并且驱动程序必须处理任何YARN强加于容器CLASSPATH的任何内容。此外，默认情况下driver.extraClassPath添加不优先;为此你必须强制spark.yarn.user.classpath.first=true （它被翻译成标准的Hadoop属性，其确切名称我现在不记得了，特别是因为有多个具有相似名称的道具可能被弃用和/或不适用于Hadoop 2.x）

yarn-cluster

底线：再次启动诊断。

A。您是否真的，确定神秘的“Metastore连接错误”是由缺少的属性引起的，特别是Metastore URI？

B。顺便说一下，您的用户是否明确使用HiveContext ???

C。 YARN提供给驱动程序JVM的CLASSPATH究竟是什么，以及驱动程序在打开Metastore连接时向Hadoop库提供的CLASSPATH究竟是什么？
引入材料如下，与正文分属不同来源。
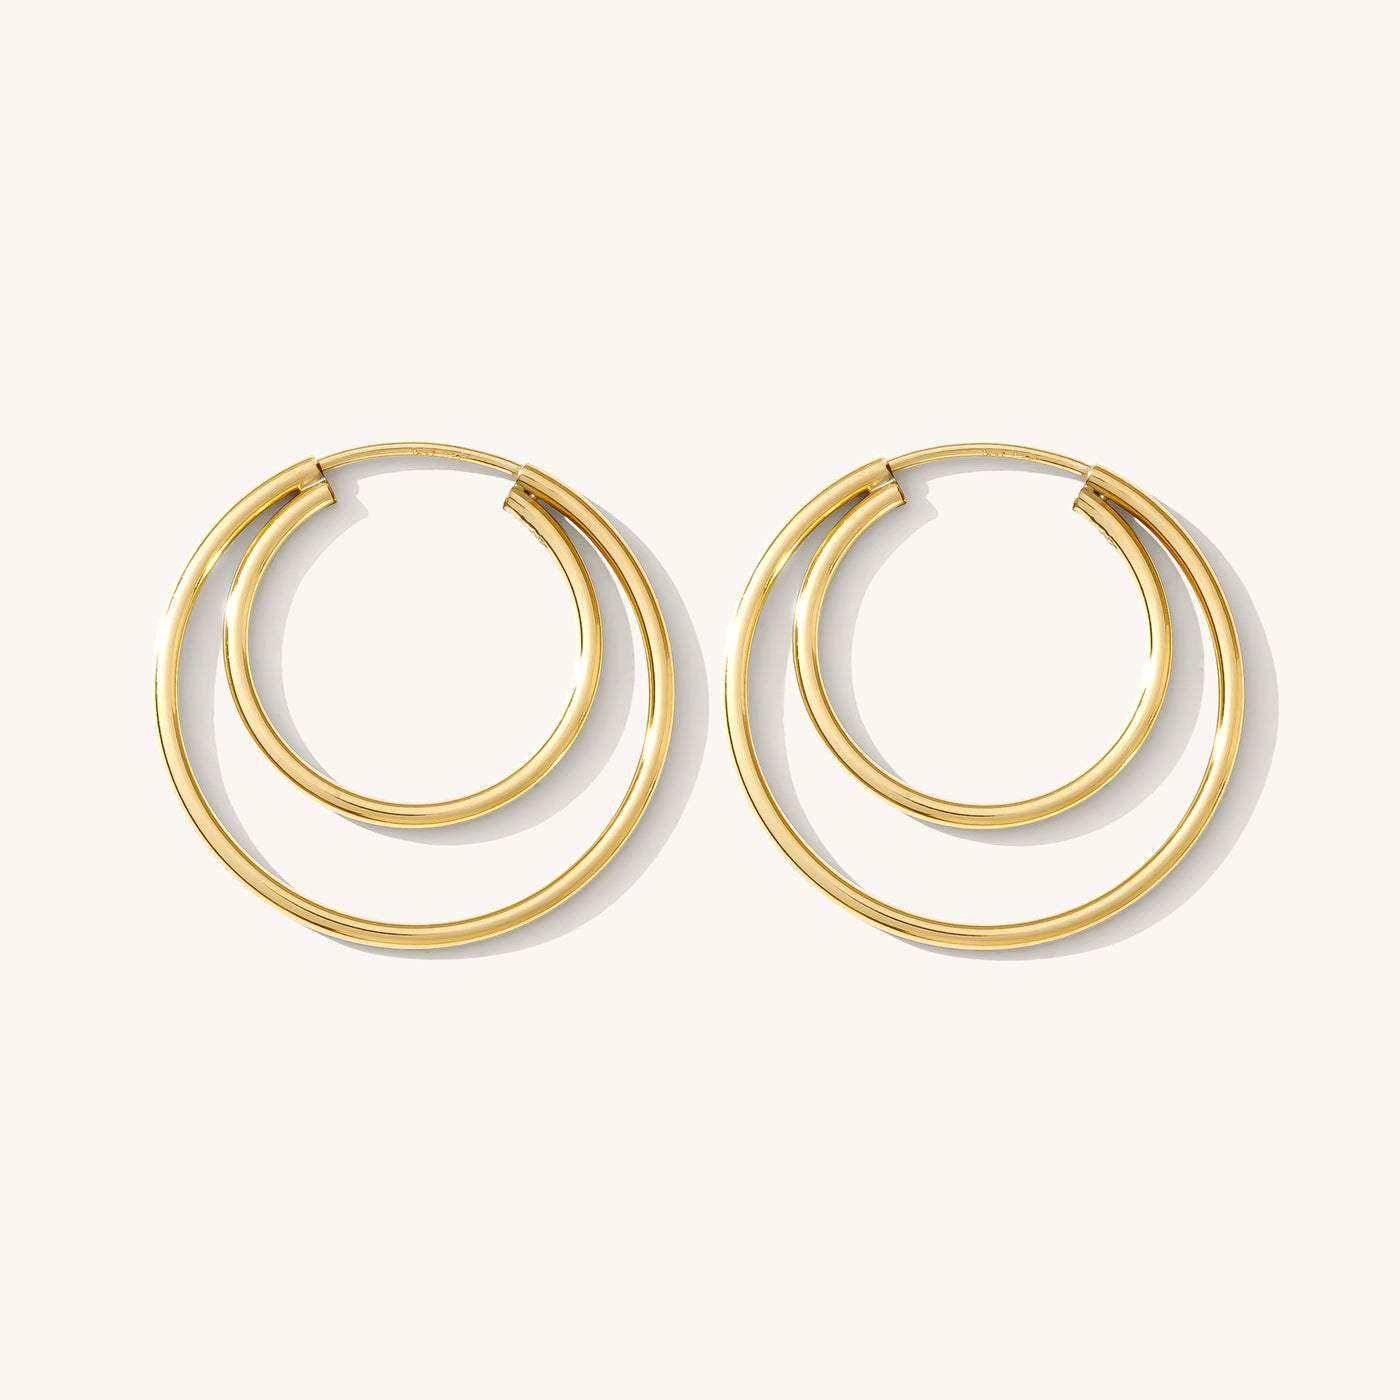 Double Hoop Earrings | Simple & Dainty Jewelry
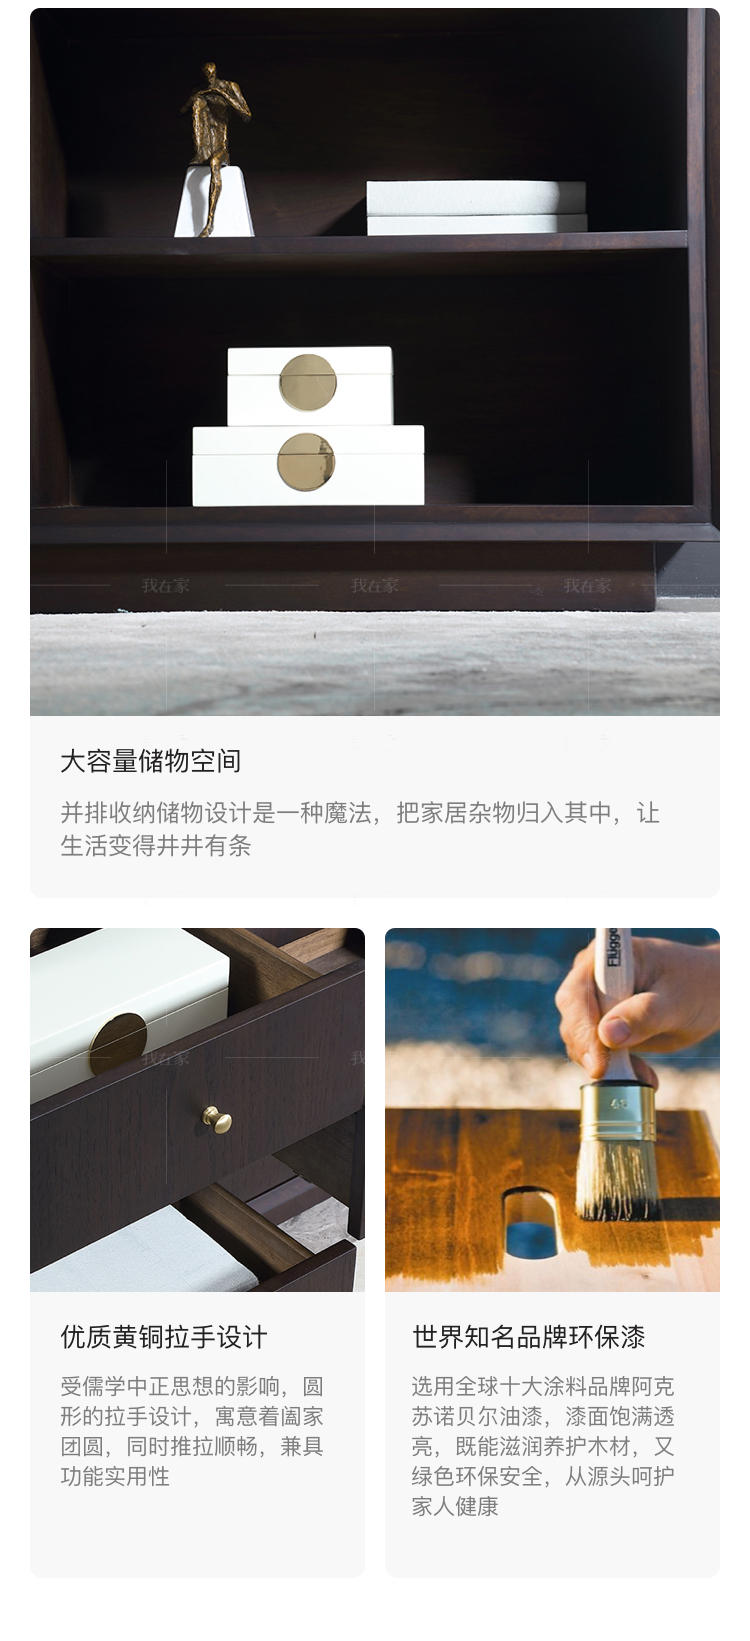 中式轻奢风格曲幽电视柜的家具详细介绍

D。如果YARN构建的CLASSPATH由于某种原因搞砸了，最小修复是什么 - 更改优先规则？加成？既？

Answer 2

您可以使用spark属性 - .bounce_arrow { -webkit-animation-name: bounce; -moz-animation-name: bounce; -o-animation-name: bounce; animation-name: bounce;} .animated_arrow{ -webkit-animation-fill-mode:both; -moz-animation-fill-mode:both; -ms-animation-fill-mode:both; -o-animation-fill-mode:both; animation-iteration-count: infinite; -moz-animation-iteration-count: infinite; -webkit-animation-iteration-count: infinite; animation-fill-mode:both; -webkit-animation-duration:2s; -moz-animation-duration:2s; -ms-animation-duration:2s; -o-animation-duration:2s; animation-duration:2s; } @-webkit-keyframes bounce_arrow { 0%, 20%, 50%, 80%, 100% {-webkit-transform: translateY(0);} 40% {-webkit-transform: translateY(-30px);} 60% {-webkit-transform: translateY(-10px);} } @-moz-keyframes bounce_arrow { 0%, 20%, 50%, 80%, 100% {-moz-transform: translateY(0);} 40% {-moz-transform: translateY(-20px);} 60% {-moz-transform: translateY(-10px);} }并在那里指定hive-site.xml的路径。

Answer 3

在cluster mode配置中，从机器的conf目录中读取，该目录运行driver容器，而不是用于spark-submit的容器。

Answer 4

发现此问题

在创建配置单元上下文之前创建org.apache.spark.sql.SQLContext时，在创建配置单元上下文时未正确选择hive-site.xml。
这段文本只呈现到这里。